Advancing causal understanding of cancer through integrative proteomic and genetic analysis
- 8 September 2025 to 31 July 2026
- Project No: D26072
- DPhil Project 2026
- Cancer Epidemiology Unit (CEU)
Background
Understanding how biological pathways contribute to cancer development is a major goal in population health research. Advances in high-throughput proteomics now enable measurement of thousands of circulating proteins that reflect subtle biological processes and may reveal both early markers of disease and potential aetiological targets for future prevention trials. Because associations observed in proteomic studies may not always distinguish correlation from causation, integrating complementary genetic data can strengthen causal inference and help identify proteins with more robust aetiological evidence for a role in cancer development.
This project will focus on integrating complex proteomic and proteogenomic data from large population-based studies, including the European Prospective Investigation into Cancer and Nutrition (EPIC) and the UK Biobank, to identify key proteins and biological pathways involved in the development of common cancers.
The specific aims of the project may include, and can be adapted to the student’s interests:
- Develop approaches to harmonise proteomic data across large cohorts to improve comparability and data quality.
- Develop integrative methods that combine proteomic and proteogenomic findings with biological knowledge from publicly available resources, to improve understanding of cancer aetiology and prioritise candidate protein targets.
- Generate robust, interpretable networks of proteins and pathways involved in cancer development by combining data from multiple cohorts.
research experience, research methods and skills training
The student will gain experience in analysing large, high-dimensional molecular and epidemiological datasets, developing practical skills in data harmonisation, advanced statistical modelling, and causal inference. The work will involve computational and quantitative approaches to integrate rich, multivariate data across studies and to assess associations between proteins, genetic variants, and cancer risk.
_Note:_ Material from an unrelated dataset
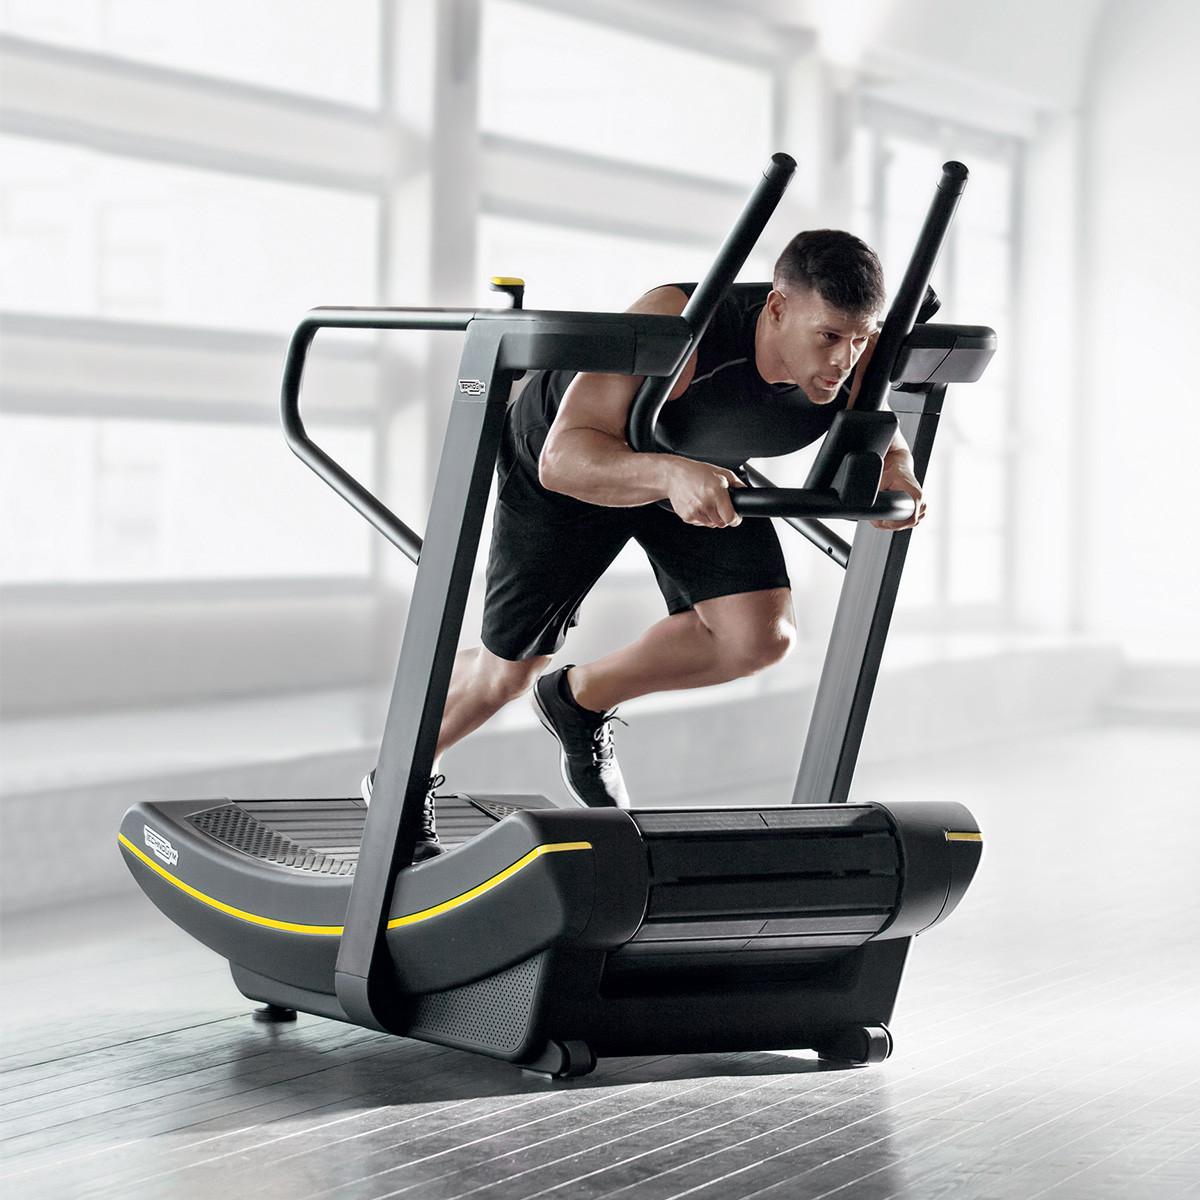 SKILLMILL Connect – Cinta de correr para entrenamiento de alta performance

Training will be provided in molecular epidemiology, advanced statistical programming (e.g. R and Python), and modern causal inference methods. The project offers opportunities to contribute to international collaborations and to develop transferable skills in reproducible research, data visualisation, and scientific communication.
FIELD WORK, SECONDMENTS, INDUSTRY PLACEMENTS AND TRAINING
The student will be based at the Richard Doll Building, within a vibrant research environment that includes experts in epidemiology, statistics, bioinformatics, and molecular epidemiology. They will attend departmental seminars and courses, collaborate with multidisciplinary teams, and engage with partners involved in major cohort studies such as EPIC and UK Biobank.
PROSPECTIVE STUDENT
The ideal candidate will have an MSc in a quantitative discipline such as statistics, bioinformatics, or data science, with strong coding skills and an interest in applying them to population health and cancer research. Some background in molecular or genetic epidemiology would be an advantage.